The driver slowed their black Mercedes to a crawl, passing between the rows of factories that smoked and fumed around the clock. Downrange, six cars with flashing lights on top surrounded three more vehicles, their headlights highlighting the damage suffered by those other cars. Armed men in quasi-military uniforms scurried around the scene, peering at bodies scattered on the ground.

“I see him,” said the driver as they neared the scene of orchestrated chaos.

“Yes,” the man in black replied. “I wondered if he’d come out at this hour, himself.”

“Maybe he hasn’t been home yet,” the driver said with a smirk. “You’ve seen his mistress, eh?”

“The new one? I’m surprised her parents don’t impose a curfew.”

“Would they dare?” the driver asked.

“You have a point. Stop here. Stay with the car. If anything goes wrong, get out at any cost and warn him.”

“Herr Hauptmann—”

“I order it!”

“Yes, sir!”

Of course, something already had gone wrong. If Krieger had completed his assignment as commanded, Otto Jaeger would be sleeping at the moment, maybe dreaming of his wives at home. Instead, he had to deal with corpses in the middle of the night and listen to Joaquin Menendez complain.

With one hand on the Walther P-5 compact pistol in his coat pocket, Jaeger approached the scowling DAS chief. There was no reason to think that he would need the gun tonight, but given the dramatic mood swings Menendez was famous for, it couldn’t hurt to be prepared.

Perhaps he’s crazy, Jaeger thought.

And said, “Good morning, Herr Director. It’s unfortunate that your subordinates disturbed you for a matter of this sort.”
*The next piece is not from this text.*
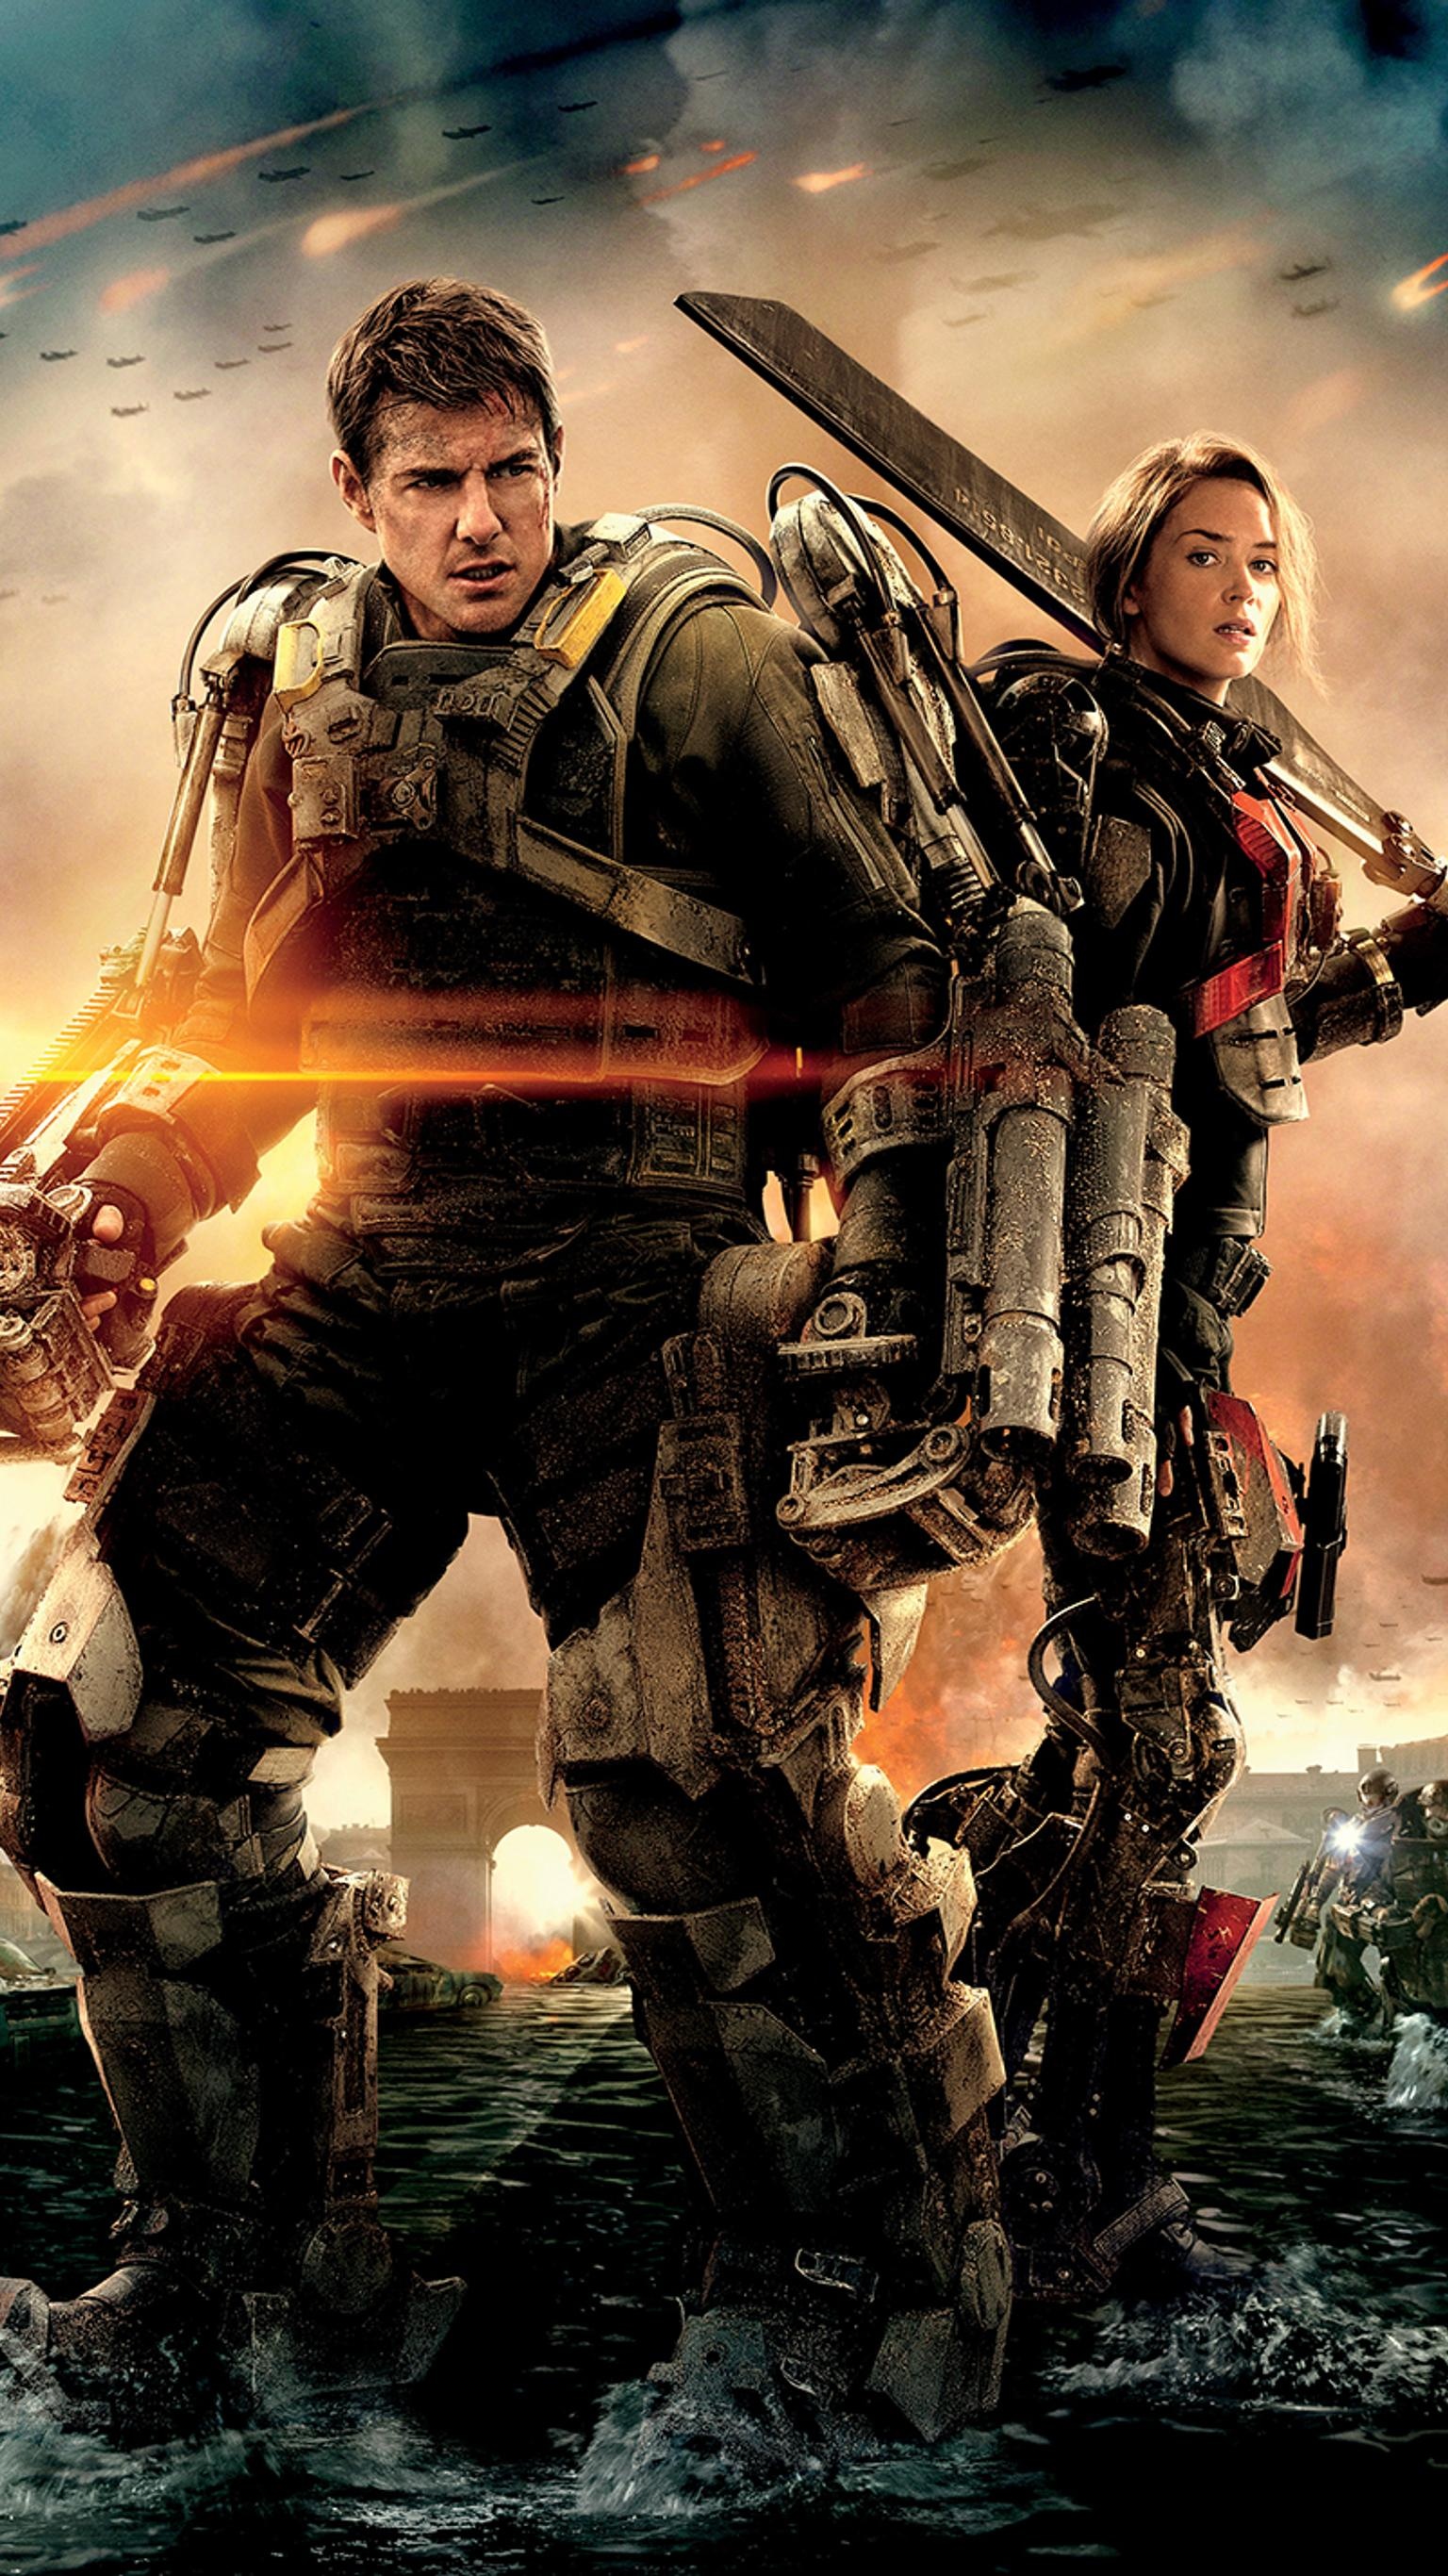 Edge of Tomorrow: A soldier in an alien war gets caught in a time loop, Movie plot. 1540x2740 HD Wallpaper.

“Unfortunate, you say? With eight men dead.”

Krieger’s whole team? It seemed impossible, but would explain why no one had called Jaeger to report their failure. There was no one left.

Jaeger was cautious in replying to Menendez. He might easily have said that eight dead meant a sluggish night for Bogotá, but he preferred not to antagonize Menendez. It was dangerous and unproductive.

“Only eight?” he asked instead.

“You were expecting more?”

“I had expected none at all,” Jaeger replied with perfect honesty. Krieger was good enough—had been—to simply make his targets disappear, unless there were examples to be made.

This night, it seemed, Krieger and Rauschman, with their native help, were the examples.

“May I view the bodies?” Jaeger asked Menendez.

The Colombian considered it, then dipped his chin in the affirmative. “Touch nothing.”

“That’s a promise.”

Jaeger left the DAS director, turning toward the shot-up vehicles. He needed to replace the Volkswagen and the Mercedes. Both of them were badly damaged, and it left him short of rolling stock in Bogotá. He had another Benz on hand, besides the one that had delivered him to this grim scene, and half a dozen motorcycles. Not enough for fifty men by any means.

Now forty-eight, he thought as he approached the nearest corpse.

The third car, facing toward the others, was a cheap Fiat, run-down even before it ran into a hail of bullets and expired. The relative positions of the cars told Jaeger that the Fiat’s driver had been taken by surprise, or else pursued here, where he turned to fight. The latter seemed more likely, but Jaeger supposed he’d never really know.

Jaeger found Rauschman sprawled between the Benz and the VW, lying on his back. A slug had entered through his left eye, taking out the right-rear portion of his skull. He looked surprised and vaguely guilty.

So you should, Jaeger thought. You have disappointed everyone.

Was there a Hell for failures? Jaeger didn’t know, and at the moment didn’t really care.

He checked the other corpses, walking all around the scene, crunching the spent brass underfoot. There were no bodies by the Fiat, no apparent blood, suggesting that his men had missed their targets, or at least had failed to wound them mortally.

“Where is the eighth?” he asked a DAS captain who’d followed him around the cars, watching his every move. “Herr Menendez said eight were killed, but there are only seven here.”

The captain grunted at him, turned and pointed to a nearby field littered with pieces of equipment someone had discarded but had never hauled away. Now Jaeger saw a solitary officer standing beside what seemed to be a mound of earth or pile of dirty rags dumped on the ground.

He left the captain, walked over to Krieger’s dusty corpse and crouched beside it.